About those black holes ...
The black holes that may (or may not) be generated by the Large Hadron Collider would have theoretical rather than practical applications.
The black holes that may (or may not) be generated by the Large Hadron Collider would have theoretical rather than practical applications.
If the collider's detectors turn
up evidence of black holes, that would suggest that gravity is stronger on a
subatomic scale than it is on the distance scales scientists have been able to
measure so far. That, in turn, would support the weird idea that we live in a
10- or 11-dimensional universe, with some of the dimensions rolled up so
tightly that they can't be perceived.
Some theorists say the idea would
explain why gravity is so much weaker than the universe's other fundamental
forces — for example, why a simple magnet can match the entire Earth's
gravitational force pulling on a paper clip. These theorists suggest that much
of the gravitational field is "leaking out" into the extra
dimensions.
"It will be extremely
exciting if the LHC did produce black holes," CERN theoretical physicist
John Ellis said. "OK, so some people are going to say, 'Black holes?

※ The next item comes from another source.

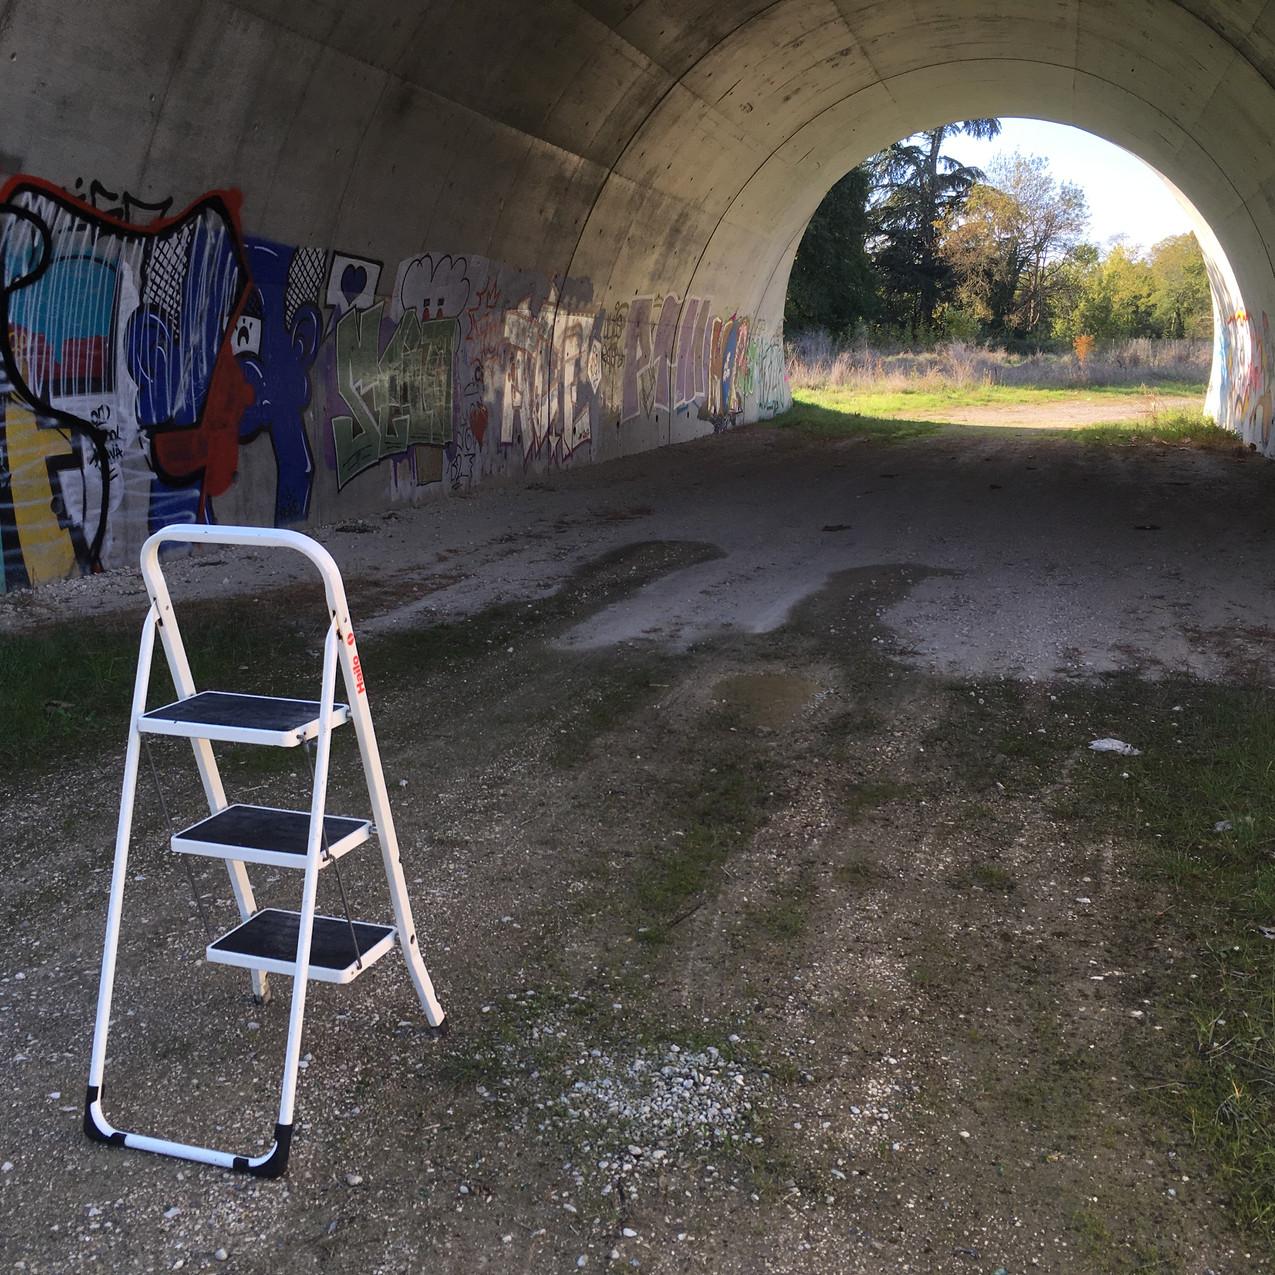 séance photo backstage, tunnel

Those big things eating up stars?' No. These are microscopic, tiny little black
holes. And they’re extremely unstable. They would disappear almost
as soon as they were produced."
Not everyone is convinced that the
black holes would disappear. "It doesn't have to be that way," said
Walter Wagner, a former radiation safety officer with a law degree who is one
of the plaintiffs in the federal lawsuit. Despite a series of reassuring
scientific studies, Wagner and others insist that the black holes might not
fizzle out, and they fear that the mini-singularities produced by the Large
Hadron Collider will fall to the center of the earth, grow larger and swallow
more and more of Earth's matter
2 comments:
And the atom bomb would ignite the atmosphere...
And vaccinating your child causes Autism...
And stem cell research kills babies...
And dancing causes rain...
Check Google for a good graphic today.
I, for one, am glad that there is a place for theoretical research. It's worth a black hole or two.
Art
And you call ME paranoid?????
Where's Football Girl when I need her?